I'm considering buying some Recreational Vehicule (RV) instead of a house. My plan is to work 6 months in Canada (probably Toronto) and spend the next 6 months down South. I would prefer buying the RV brand new. That could be done within 5 years. To make that plan possible, I would really have to work these 6 months every year. Otherwise, my saving would be simply insufficient to survive that lifestyle. Finding a job in Toronto in customer service (service on the phone) seems very easy for French-speaking persons like me.


----------



## Taxsaver (Jun 7, 2009)

I've just thought of another plan: Buying a modest home around Toronto and one down South - you can find some starting at $5000. See the link below.

I work for 6 months in Toronto, save up money, and spend 6 months in Florida. I come back 6 months later, and work for another 6 months. 

http://www.riderhomes.com/florida_mobile_homes_1.html


----------



## canadianbanks (Jun 5, 2009)

I'm not sure you will be able to save enough working as a customer service in Toronto.


----------



## OhGreatGuru (May 24, 2009)

Be sure to check the rules regarding residency for tax purposes; health care; OAS; motor vehicle & drivers licensing; auto insurance. Generally speaking you want to maintain CDN residency for just over 6 months for most purposes (health care, taxes). OAS is payable outside the country, provided you have been a long=term resident. Immigrants need to check the rules on number of years residency to make sure their eligibility is not affected. Out of country health care insurance gets increasingly expensive with age; auto insurance rates & policies are based on geographic location, so if you are spending 6 months out of your normal area of residence your insurance coverage may be affected.
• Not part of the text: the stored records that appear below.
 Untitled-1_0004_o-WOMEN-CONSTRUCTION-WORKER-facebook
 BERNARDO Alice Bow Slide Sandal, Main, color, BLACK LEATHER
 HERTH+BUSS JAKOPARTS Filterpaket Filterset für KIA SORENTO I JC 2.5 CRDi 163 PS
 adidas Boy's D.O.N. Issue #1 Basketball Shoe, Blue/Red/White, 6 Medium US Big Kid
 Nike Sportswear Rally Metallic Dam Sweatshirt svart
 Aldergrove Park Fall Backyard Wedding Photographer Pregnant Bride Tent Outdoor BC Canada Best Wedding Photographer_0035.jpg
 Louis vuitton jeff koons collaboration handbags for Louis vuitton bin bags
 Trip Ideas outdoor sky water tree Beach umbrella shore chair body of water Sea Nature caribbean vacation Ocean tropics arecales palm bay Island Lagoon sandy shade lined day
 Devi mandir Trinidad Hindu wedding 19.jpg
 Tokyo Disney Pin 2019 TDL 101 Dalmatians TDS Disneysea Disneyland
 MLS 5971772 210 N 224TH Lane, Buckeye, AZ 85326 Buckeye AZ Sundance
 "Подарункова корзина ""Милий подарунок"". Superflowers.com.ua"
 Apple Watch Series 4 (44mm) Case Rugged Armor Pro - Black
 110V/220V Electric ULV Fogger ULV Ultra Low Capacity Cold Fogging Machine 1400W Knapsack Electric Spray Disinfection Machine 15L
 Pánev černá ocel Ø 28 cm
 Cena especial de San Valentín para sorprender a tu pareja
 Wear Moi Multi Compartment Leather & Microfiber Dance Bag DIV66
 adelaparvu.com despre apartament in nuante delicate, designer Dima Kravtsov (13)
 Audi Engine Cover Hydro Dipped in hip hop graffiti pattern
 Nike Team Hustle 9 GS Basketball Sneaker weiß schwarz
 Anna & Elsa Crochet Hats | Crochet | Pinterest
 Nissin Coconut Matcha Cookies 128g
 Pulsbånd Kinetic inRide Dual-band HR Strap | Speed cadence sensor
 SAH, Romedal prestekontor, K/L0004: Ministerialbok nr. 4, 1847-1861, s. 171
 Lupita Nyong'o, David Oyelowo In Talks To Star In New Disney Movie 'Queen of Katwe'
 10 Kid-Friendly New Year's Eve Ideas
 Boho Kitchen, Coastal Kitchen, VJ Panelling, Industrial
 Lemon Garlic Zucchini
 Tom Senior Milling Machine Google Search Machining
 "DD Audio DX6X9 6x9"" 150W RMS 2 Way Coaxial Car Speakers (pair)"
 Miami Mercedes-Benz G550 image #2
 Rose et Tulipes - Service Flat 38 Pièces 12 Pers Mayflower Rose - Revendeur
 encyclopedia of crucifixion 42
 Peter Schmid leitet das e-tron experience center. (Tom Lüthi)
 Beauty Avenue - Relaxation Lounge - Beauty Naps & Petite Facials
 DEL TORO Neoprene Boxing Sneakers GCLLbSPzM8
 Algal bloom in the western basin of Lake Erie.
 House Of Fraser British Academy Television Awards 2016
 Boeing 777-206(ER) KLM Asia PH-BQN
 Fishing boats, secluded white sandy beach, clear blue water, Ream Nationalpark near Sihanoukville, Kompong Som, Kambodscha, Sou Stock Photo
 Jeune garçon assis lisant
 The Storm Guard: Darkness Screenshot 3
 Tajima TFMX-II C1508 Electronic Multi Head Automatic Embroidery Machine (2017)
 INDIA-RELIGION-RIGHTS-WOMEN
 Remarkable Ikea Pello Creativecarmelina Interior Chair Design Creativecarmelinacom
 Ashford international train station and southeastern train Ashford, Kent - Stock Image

You might want to consider joining an association like the Canadian Snowbird Association to keep in touch with news and articles on these issues.


----------



## Jon Chevreau (Apr 4, 2009)

Anyone heard the radio ad by some developer that offers both a Canadian new home plus one in Florida?


----------



## Rickson9 (Apr 9, 2009)

Jon Chevreau said:


> Anyone heard the radio ad by some developer that offers both a Canadian new home plus one in Florida?


http://www.yourhome.ca/homes/realestate/article/652570---ultimate-snowbird-package-takes-flight


----------